The preparation method comprises the steps of carrying out clinical detection, separation and identification on pathogenic enterobacter cloacae, pathogenic enterobacter albosis, pathogenic citrobacter freundii, pathogenic bacterial wilt and Ralstonia solanacearum, cabbage soft rot pathogen such as Euler's bacteria, bacillus, bacterial leaf blight pathogen such as xanthomonas, potato black shank pathogen such as pectobacterium nigrum, cucumber angular leaf pathogen such as pseudomonas syringae, escherichia coli, pathogenic Alternaria zingiberensis, pathogenic fusarium oxysporum, and wheat root rot such as Fusarium oxysporum.
Example 1
The LAMP primer group for detecting ginger rot pathogen comprises a pair of outer primers F3 and B3 and a pair of inner primers FIP and BIP, wherein the sequences of the outer primers are as follows:
F3:5'-CAGGCCGTTCCAACTCTG-3';
B3:5'-AACGGGTGTATTTGGTCAGG-3';
the sequence of the inner primer is as follows:
FIP:5'-GTAACACCGGAGTCAACGGCAA-GCTGATAAGCCGCTGGTTG-3';
BIP:5'-ACGTGGCGGTACTGTTCAGTAC-TTCGCCGGATACATCTCGC-3'。
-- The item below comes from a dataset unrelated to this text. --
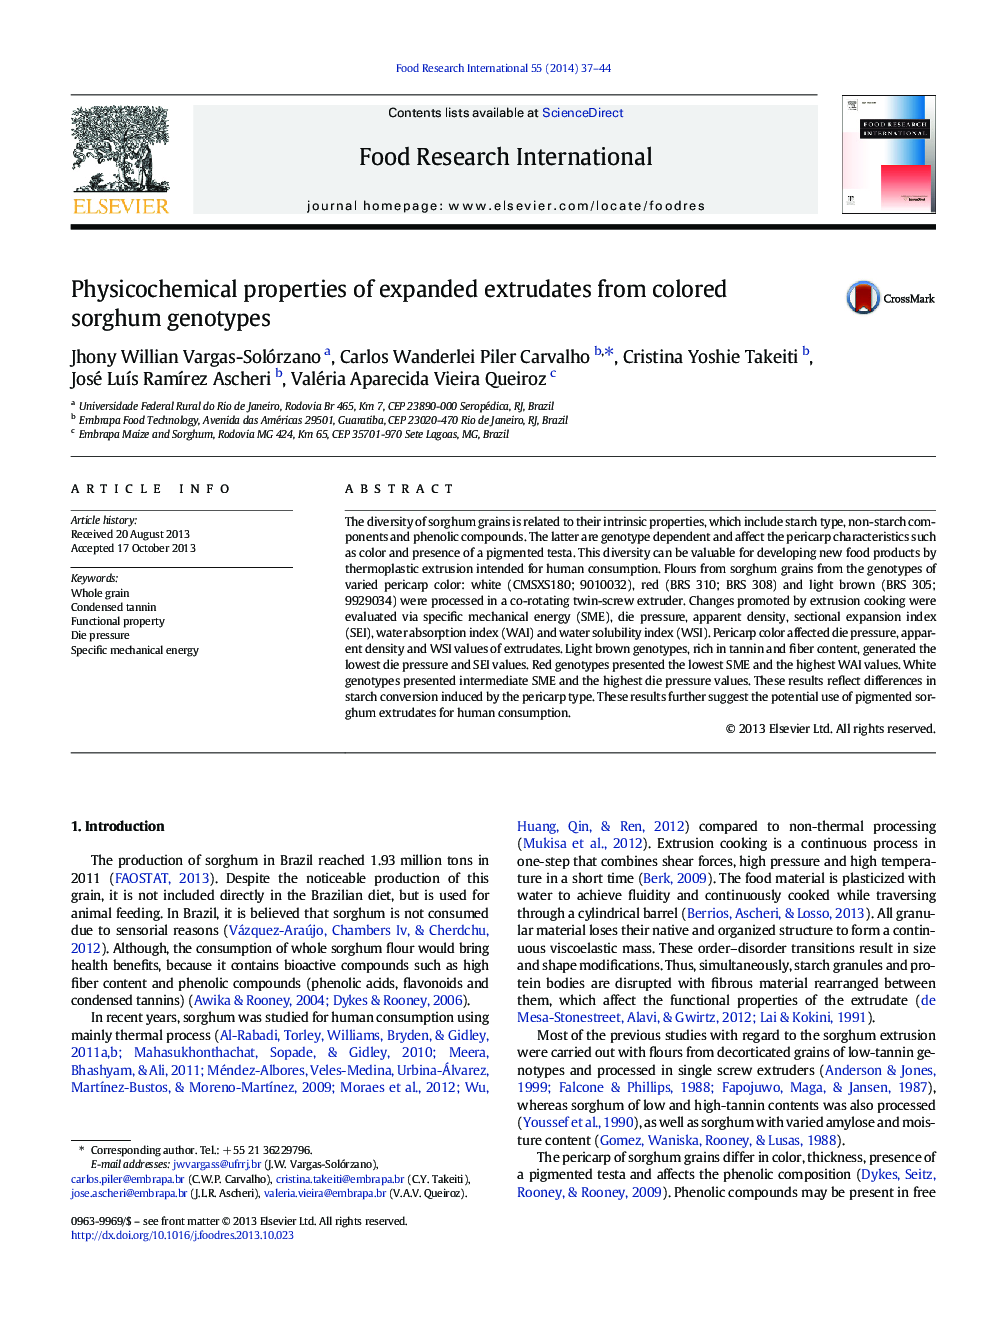 Physicochemical properties of expanded extrudates from colored sorghum genotypes

the LAMP kit for detecting ginger rot pathogen comprises the LAMP primer group, 10X thermo pol buffer solution, magnesium sulfate, dNTP, DNA polymerase and deionized water.
The method for detecting the pathogen of ginger rot by using the LAMP kit comprises the following specific operations:
extracting genome DNA of an object to be detected, wherein the object to be detected is respectively ginger rot pathogen enterobacter cloacae, ginger rot pathogen enterobacter albopictus, ginger rot pathogen citrobacter freundii, negative control of ginger rot pathogen is not contained, ginger fever pathogen bacterial wilt is not contained, cabbage soft rot pathogen is Eurotium, bacillus, rice bacterial leaf blight pathogen is xanthomonas, potato black shank pathogen is pectobacterium, cucumber angular spot pathogen pseudomonas syringae, escherichia coli, ginger flower skin pathogen alternaria, ginger flower skin pathogen fusarium oxysporum and wheat root rot navel child spore.
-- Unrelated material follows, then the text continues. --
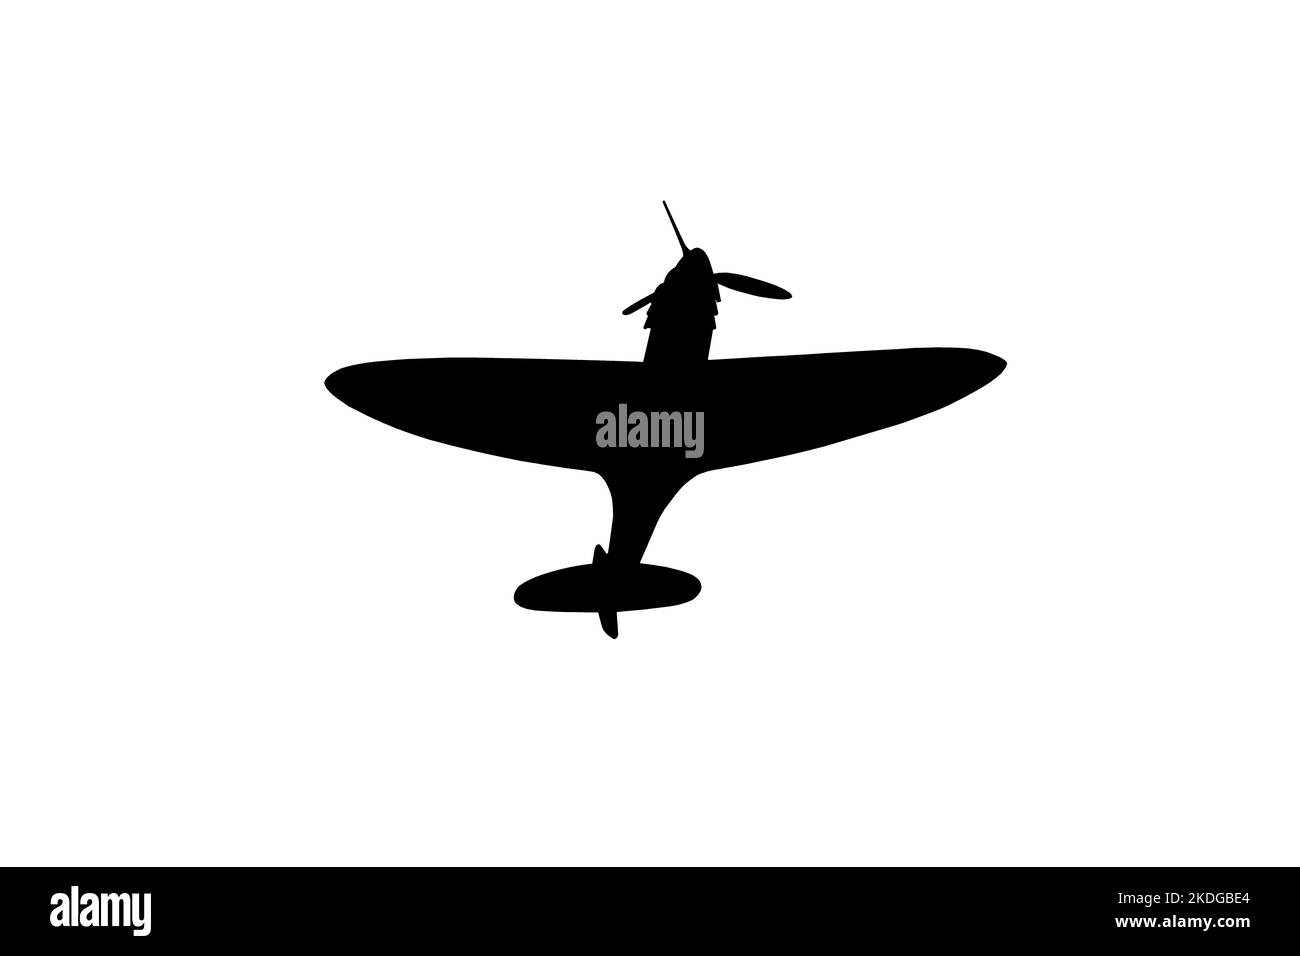 Silhouette of a Supermarine Spitfire flying world war 2 fighter plane icon Stock Photo

Step two, using the genome as a template, and respectively carrying out loop-mediated isothermal amplification by using the LAMP kit, wherein the isothermal amplification conditions are as follows: amplification reaction at 60℃for 60min; the reaction system for amplification comprises the following reagents and the dosage: 10 XThermopol buffer 2.5. Mu.L, 100mM magnesium sulfate 1.5. Mu.L, 10mM dNTP 3.5. Mu.L, 5. Mu.M outer primer F3, 5. Mu.M outer primer B3, 40. Mu.M inner primer FIP and 40. Mu.M inner primer BIP each 1. Mu.L, 8000U/mL BstDNA polymerase 1. Mu.L, DNA template 1. Mu.L, deionized water make up to 25. Mu.L, where the concentration in the DNA template is > 10 copies.
And step three, after the loop-mediated isothermal amplification reaction is finished, adding 0.5 mu L SYBR Green I nucleic acid dye into the amplified product, and then observing the color change. As a result, as shown in FIG. 1, the reaction tube of the specimen containing the DNA fragment of pathogenic enterobacter (Enterobacter cloacae, enterobacter alfasin, citrobacter freundii) of ginger rot was fluorescent green, and the reaction tube of the specimen containing other pathogenic bacteria was unchanged, and was orange in color of the dye itself.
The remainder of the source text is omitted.